Standard USMF demo company has 1700 customer transactions, so if we run this job with no filters in a user interface or in a batch and specify 200ms to process one transaction, it will take 340 seconds for the whole job.



Solution design principles

It is quite obvious that we can optimize this by running the code in parallel threads. Possible options of how this works are described in AX perf blog - Batch Parallelism in AX, but every approach from that article has its pros and cons.

What should be considered while designing a simplified solution for this:

  • A change should be simple and require minimum modifications to the original class. We don't want to create new classes or new tables to support parallel execution.
  • We can't run a single batch thread per one transaction - it will create a lot of overhead for a batch framework, so the solution should allow specifying maximum batch threads.
  • Execution flow in batch mode or in user interface should be exactly the same, better to avoid operations that can be run only in a batch.
  • We should support the final task, and it should be executed only once after transactions processing.

In most cases, we(as developers) should know how to split the load. In the example above we can just split selected customer transactions by equal intervals, but the split function can be more complex(for example we may want to avoid running parallel tasks for the same customer to prevent blocking)

The main idea is to introduce a new class parameter batchIdentifier - identification for the split interval and then run our logic only for this interval.

I created a base class DEVTutorialBatchMultipleThreadBase to incorporate this logic. If we have batchIdentifier specified - that means it is a child task that needs to perform a calculation for this batchIdentifier. If the class is executed with an empty batch identifier - that means it is the main task that should split the load and create all tasks for each split interval and the final task at the end.

class DEVTutorialBatchMultipleThreadBase extends RunBaseBatch
{
    public void run()
    {
        container               batchIdentifierCon;
        int                     i;
        ;
        if (batchIdentifier) //child task
        {
            if (batchIdentifier == this.finalTaskIdentifier())
            {
                this.runFinalTask();
            }
            else
            {
                this.runThreadTask();
            }
        }
        else
        {
            this.runStartTask();

            batchIdentifier = this.finalTaskIdentifier();
            this.processThreadItem(true); //create the final task, we need a dependency, so create it in the beggining.

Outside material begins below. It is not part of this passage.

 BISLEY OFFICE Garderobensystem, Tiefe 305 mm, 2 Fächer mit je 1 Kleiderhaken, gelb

            batchIdentifierCon = this.getBatchIdentifiersRangeCon();

            for (i = 1; i <= conLen(batchIdentifierCon); i++)
            {
                batchIdentifier = conPeek(batchIdentifierCon, i);
                this.processThreadItem(false);
            }

            if (finalTask)
            {
                if (this.isInBatch())
                {
                    batchHeader.save();
                }
                else
                {
                    finalTask.run();
                }
            }
        }
    }

Method processThreadItem creates the same instance of our class and calls a pack function. If the process is executed in a batch mode it creates a new runtime batch task. Without batch mode, it just runs this task.

Multiple threads batch example

Let's change our class to multithread.

we need to implement 3 function - runStartTask()runThreadTask()runFinalTask() to execute our tasks and getBatchIdentifiersRangeCon() to create a list of intervals - in our case it will be ranges FromRecId..ToRecId for the selected transactions. Method getBatchIdentifiersRangeCon() is the most complex and new in this example, all others are just a copy of original methods.

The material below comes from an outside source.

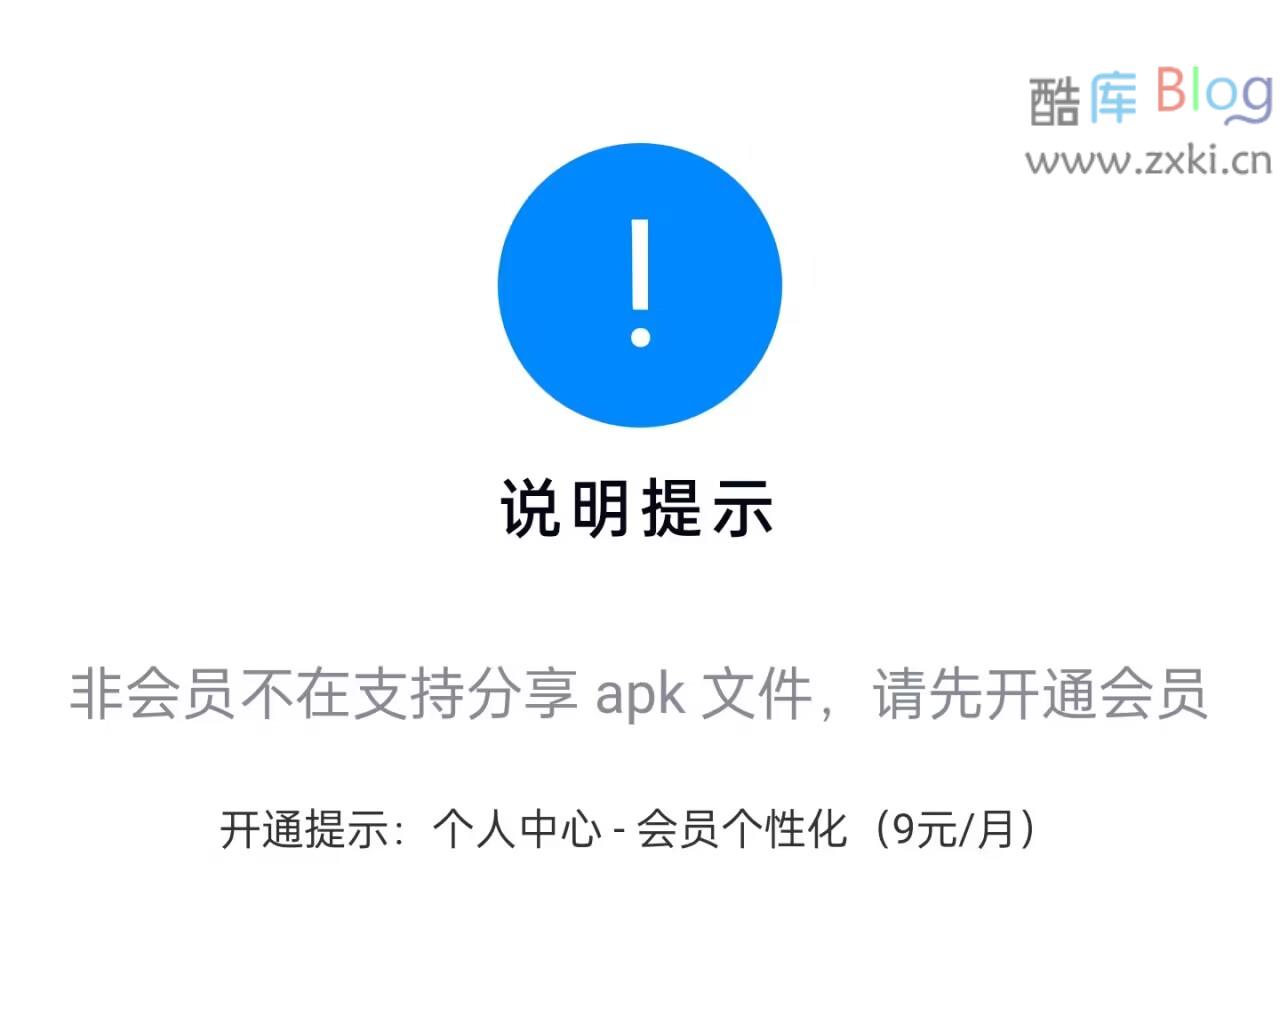 蓝奏云网盘非会员无法分享APK文件，需开通会员个性化服务 第3张插图

public class DEVTutorialBatchMultipleThread extends DEVTutorialBatchMultipleThreadBase
{
public void runStartTask()
{
    //1. data preparation
    info(strFmt("%1 - Start operation", AifUtil::applyUserPreferredTimeZoneOffset(DateTimeUtil::utcNow())));
}
public void runThreadTask()
{
    //2. Query Processing
    QueryBuildDataSource  qBDS = queryRun.query().dataSourceTable(tablenum(CustTrans));
    qBDS.addRange(fieldnum(CustTrans, RecId)).value(batchIdentifier);
    while (queryRun.next())
    {
        CustTrans   custTrans = queryRun.get(tablenum(CustTrans));
        this.processRecord(custTrans);
    }
}
public void runFinalTask()
{
    //3.final task
    info(strfmt("%2 - %1 record(s) processed", SysQuery::countTotal(queryRun),
                AifUtil::applyUserPreferredTimeZoneOffset(DateTimeUtil::utcNow())));
}
public container  getBatchIdentifiersRangeCon()
{
    container  res;
    QueryRun   queryRunLocal = new QueryRun(queryRun.query());

    QueryBuildDataSource   qBDS = queryRunLocal.query().dataSourceTable(tablenum(CustTrans));
    int                    totalRecords, curRecord, recordsPerBatch;
    RecId                  fromRecId, toRecId;

    qBDS.sortClear();
    qBDS.addSortField(fieldnum(CustTrans, RecId));
    !!!qBDS.addRange(fieldnum(CustTrans, RecId)).value(batchIdentifier);

    totalRecords = SysQuery::countTotal(queryRunLocal);
    recordsPerBatch = maxTaskCount > 0 ? totalRecords div maxTaskCount : totalRecords;       if (! recordsPerBatch)
    {
        recordsPerBatch = 1;
    }
    while (queryRunLocal.next())
    {
        CustTrans   custTrans = queryRunLocal.get(tablenum(CustTrans));
        if (! fromRecId) fromRecId = custTrans.RecId;

        curRecord++;
        toRecId = custTrans.RecId;
        if ((curRecord mod recordsPerBatch) == 0)
        {
            res += SysQuery::range(fromRecId, toRecId);
            fromRecId = 0;
            curRecord = 0;
        }
    }
    if (curRecord && fromRecId && toRecId) res += SysQuery::range(fromRecId, toRecId);
    return res;
}

In a user interface we added a new field "Number of batch tasks" to specify how many tasks to create.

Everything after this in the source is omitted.